Background information
- Born: Gerard Bertelkamp 28 November 1948 (age 77) Amsterdam, Netherlands
- Origin: Adelaide, South Australia, Australia
- Genres: Folk rock, pop rock, soft rock
- Occupations: Musician; singer; songwriter;
- Instruments: Vocals; guitar; bass;
- Years active: 1964–present
- Labels: Columbia; RCA; EMI; Capitol; MCA; Universal; Sonic Sorbet;
- Formerly of: Zoot; Mississippi; Little River Band; Birtles & Goble; Birtles Shorrock Goble;

= Beeb Birtles =

Australian musician, singer, songwriter and guitarist (born 1948)

Gerard Bertelkamp AM (born 28 November 1948), known professionally as Beeb Birtles, is an Australian musician, singer, songwriter and guitarist.
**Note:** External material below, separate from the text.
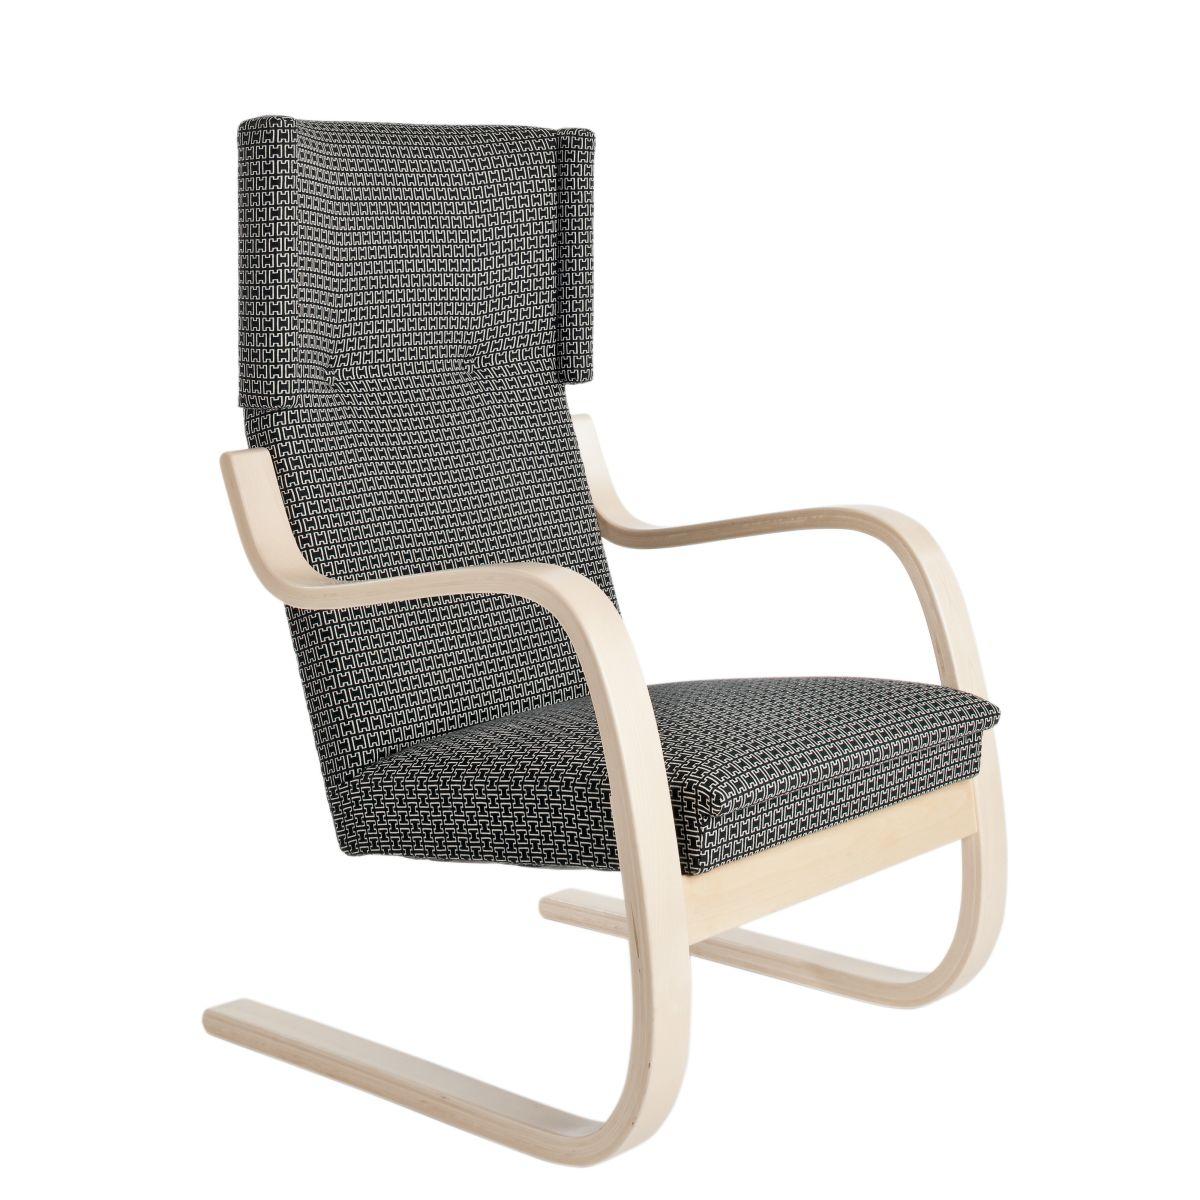 Armchair-401-H55-1842441

He has been a member of various Australian groups including Zoot (1967–71), Mississippi (1972–74), Little River Band (1975–83) and Birtles Shorrock Goble (2002–07). He has also worked as a solo artist, including releasing an album, Driven by Dreams (2000). In 2004, Birtles and other members of the classic line-up of Little River Band were inducted into the ARIA Hall of Fame.

==Early life ==
Beeb Birtles was born on 28 November 1948 as Gerard Bertelkamp in Amsterdam, Netherlands, to Gerard Bertelkamp, Sr (30 May 1923 – 4 May 2000), a carpenter and building contractor, and Elisabeth Hendrika (née Deubel; 8 January 1924 – 2 December 2015). He has a younger sister, Elisabeth H (born 17 September 1952). Birtles later recalled seeing his parents singing in an amateur operetta in Amsterdam, saying that "I was very young and I went with my grandparents. They took me to the theatre to see my parents, and, er, I was so young that I actually called out my mother's name from the audience!"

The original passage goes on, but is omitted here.